蛛网膜下腔出血
组织蛋白酶D
串扰
病理
生物
医学
细胞生物学
神经科学
生物化学
内科学
酶
物理
光学
作者
Jinman Chen,Jie Wang,Wenjing Zheng,Wenhao Ding,Zixin Zhuang,Hao Xu,Wenchao Ding,Tianhao Xu,Linmei Wang,Ning Li,Yongjian Zhao,Qi Shi,Lianping Xing,YongJun Wang,Qianqian Liang
标识
DOI:10.1038/s41467-025-63544-6
摘要
Cross-talk between the brain and cervical lymph nodes (CLNs) is crucial in brain pathologies. However, the precise roles and the mechanisms of CLNs in brain damage during subarachnoid hemorrhage (SAH) remain unclear. In this study, mandibular lymph node (part of CLNs) removal attenuates brain damage in SAH mouse models. Notably, the extravasated erythrocytes following SAH are significantly engulfed by lymphatic endothelial cells (LECs) in CLNs. Single-cell RNA sequencing reveals that the differentially expressed genes in medullary LECs are enriched in lysosomes after SAH, with a notable upregulation of Ctss (which encodes cathepsin S).

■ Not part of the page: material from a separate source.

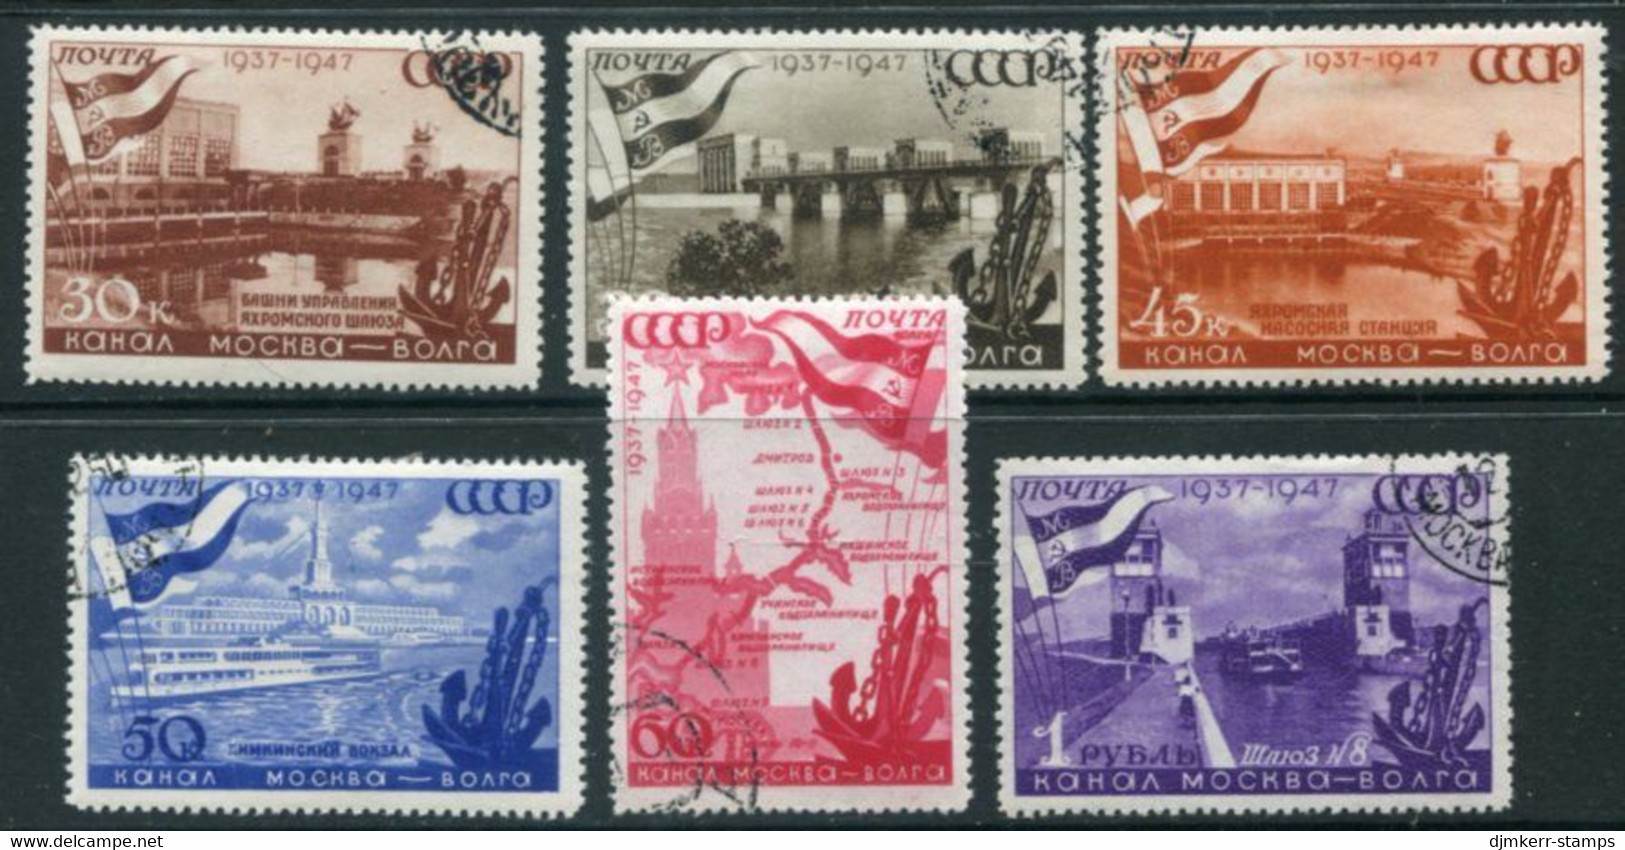 SOVIET UNION 1947 Moscow-Volga Canal Used.  Michel  1131-36 - Used Stamps

Importantly, the deficiency of cathepsin S specifically in LECs, achieved through transgenic mice, or the use of a cathepsin S inhibitor, significantly reduces neuroinflammation and neurological deficits induced by SAH. These findings elucidate mechanisms of how CLNs participate in brain injury following SAH in mice. Targeting this process may offer effective therapeutic strategies to alleviate SAH-related pathologies. Crosstalk between the brain and CLNs is critical in brain pathologies. Here, the authors show in a mouse model that extravasated erythrocytes following SAH are degraded by cathepsin S of medullary LECs in CLNs, which plays an important role in SAH pathology.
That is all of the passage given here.